Content-Transfer-Encoding: 7bit
Cc: hip WG <hipsec@ietf.org>
Subject: Re: [Hipsec] fault-tolerance for base exchange and update
X-BeenThere: hipsec@ietf.org
X-Mailman-Version: 2.1.9
Precedence: list
Reply-To: miika.komu@hiit.fi
List-Id: "This is the official IETF Mailing List for the HIP Working Group." <hipsec.ietf.org>
List-Unsubscribe: <https://www.ietf.org/mailman/listinfo/hipsec>, <mailto:hipsec-request@ietf.org?subject=unsubscribe>
List-Archive: <http://www.ietf.org/mail-archive/web/hipsec>
List-Post: <mailto:hipsec@ietf.org>
List-Help: <mailto:hipsec-request@ietf.org?subject=help>
List-Subscribe: <https://www.ietf.org/mailman/listinfo/hipsec>, <mailto:hipsec-request@ietf.org?subject=subscribe>
X-List-Received-Date: Thu, 07 Jan 2010 15:14:04 -0000

Tobias Heer wrote:

Hi,

> Hi,
> 
> Am 07.01.2010 um 08:22 schrieb Miika Komu:
> 
>> Hi,
>> 
>> Baris Boyvat has implemented an experimental fault-tolerance
>> extension for the HIP base exchange and UPDATE in the HIPL
>> implementation. He will document it in his master thesis during
>> this year, but I would like to start discussion of the topic
>> already now.
>> 
> Great. I think this extension is really worth some deeper
> investigation.
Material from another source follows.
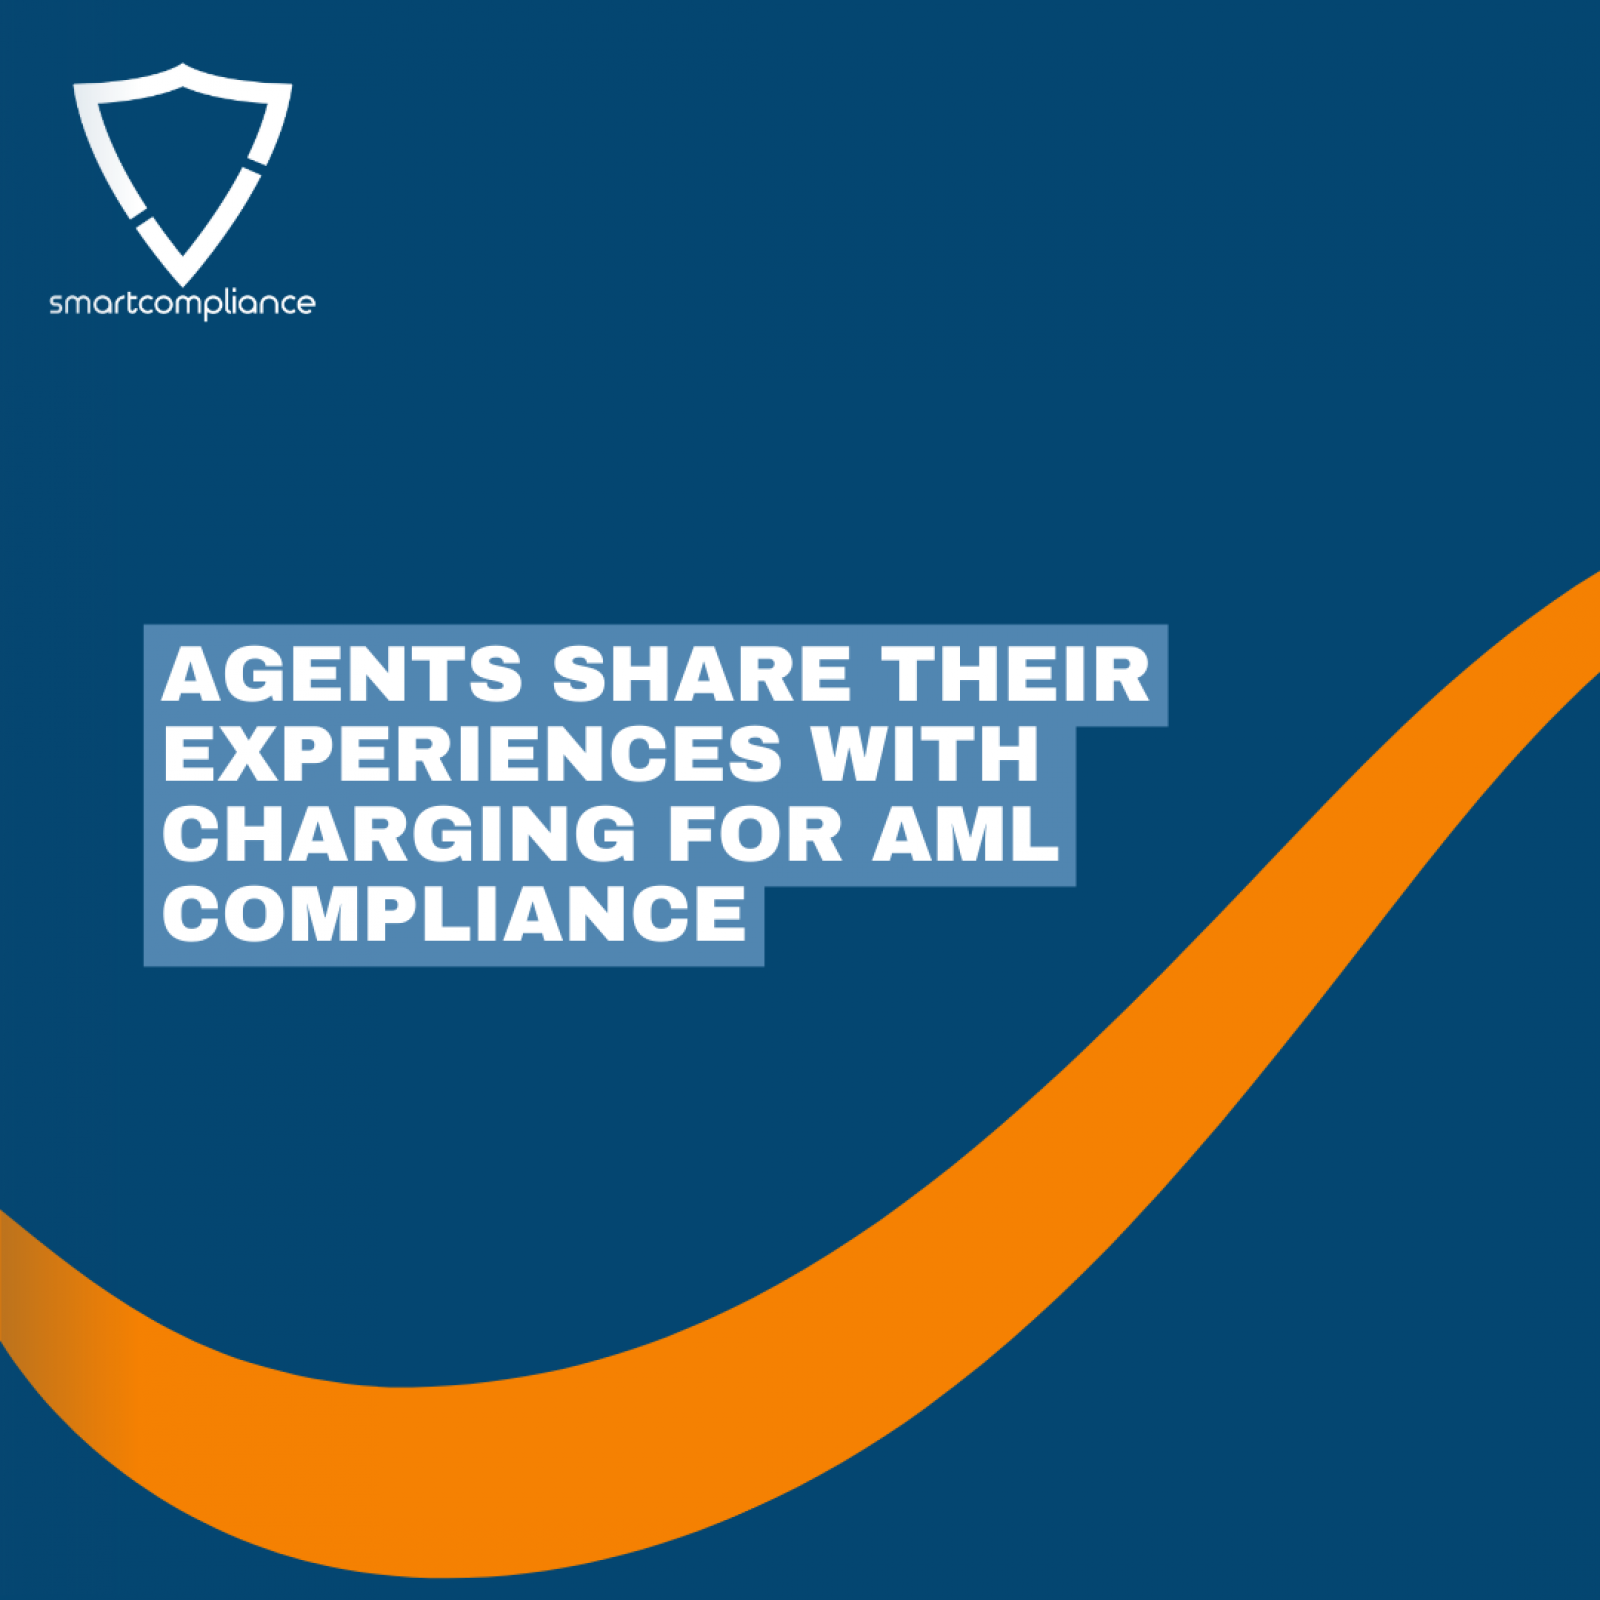 Agents Share Their Experiences with Charging for AML Compliance

In our own tests with HIP(L) we found that timing and
> aggressiveness regarding retransmissions and opportunistic double
> transmissions can greatly improve the performance.
> 
>> At the protocol level, the extension allows sending multiple I1 or
>> UPDATE-with-locator packets sequentially. The idea is to scan
>> through all possible source and destination IP pairs at the HIP
>> layer to improve  the chances for successful initial contact (I1)
>> and to re-establish contact (UPDATE-with-locator) in way similar to
>> the NAT-ICE extensions. We have playfully called the extension as
>> "shotgun" mode in the implementation :)
>> 
>> The obvious difference to ICE is that the shotgun mode works at the
>> HIP protocol layer. A non-obvious difference is that the approach
>> supports also fault-tolerance for a single relay/rendezvous
>> (Responder's RVS has crashed) and it can make use of multiple
>> relay/rendezvous servers for better redundancy. At the moment,
>> neither of these are possible direcly with the ICE-NAT extensions.
>> I actually believe the shotgun approach can be applied even with
>> the ICE-NAT extensions to improve fault-tolerance.
>> 
>> The shotgun approach seems useful to improve fault-tolerance with
>> an without (single or multiple) rendezvous/relay middleboxes, but
>> there is also another use case for this. The Initiator (or Mobile
>> Node) can learn multiple mappings for the peer, some of which may
>> have connectivity and some not. It is also possible that a malign
>> user intentionally sends invalid mappings for a well-known service
>> in a multiuser system (this case also requires some rate control
>> for mappings per user). In such scenarios, it is useful to try
>> multiple peer addresses sequentially instead of just single one.
>> 
>> Minimally, the approach requires few considerations in an
>> implementation:
>> 
>> i) Allow sending of multiple I1 and UPDATE-with-locator packets in
>> a rate-controlled fashion ii) Filter redundant incoming packets.
>> 
>> Case (ii) could be implemented as filtering of I1 packets or
>> filtering of R1 packets. We chose filtering of redundant R1 packets
>> in the implementation and it required a small change in the state
>> machine. For the UPDATE filtering, filtering based on sequence
>> numbers was sufficient.
>> 
>> I would like the WG feedback on whether we could include this
>> approach in RFC5201-bis and RFC5206-bis (as MAY or SHOULD).
> 
> I would like to see this as a separate document that solely focuses
> on fault-tolerance and performance I think the shotgun extension is a
> first step to a comprehensive document. My two reasons for this are:
>  a) I think solving the problem goes beyond the scope of the base
> documents because this problem domain offers more possible solutions
> than the shotgun mode. A separate document could discuss use cases
> and solutions in more depth than it can be done in the base
> documents. b) Measures for improving fault tolerance may be quite
> specific to a scenario and may require to make some assumptions that
> cannot be made in the general case.

Well, I am just a bit skeptic that this will be never taken into use if 
the state machine filtering part are not part of RFC5201-bis and 
RFC5206-bis.

> Some more thoughts on fault tolerance:
> 
> As far as I understood, the shotgun extension only works with
> multiple interfaces. What about optimizations for single-homed hosts?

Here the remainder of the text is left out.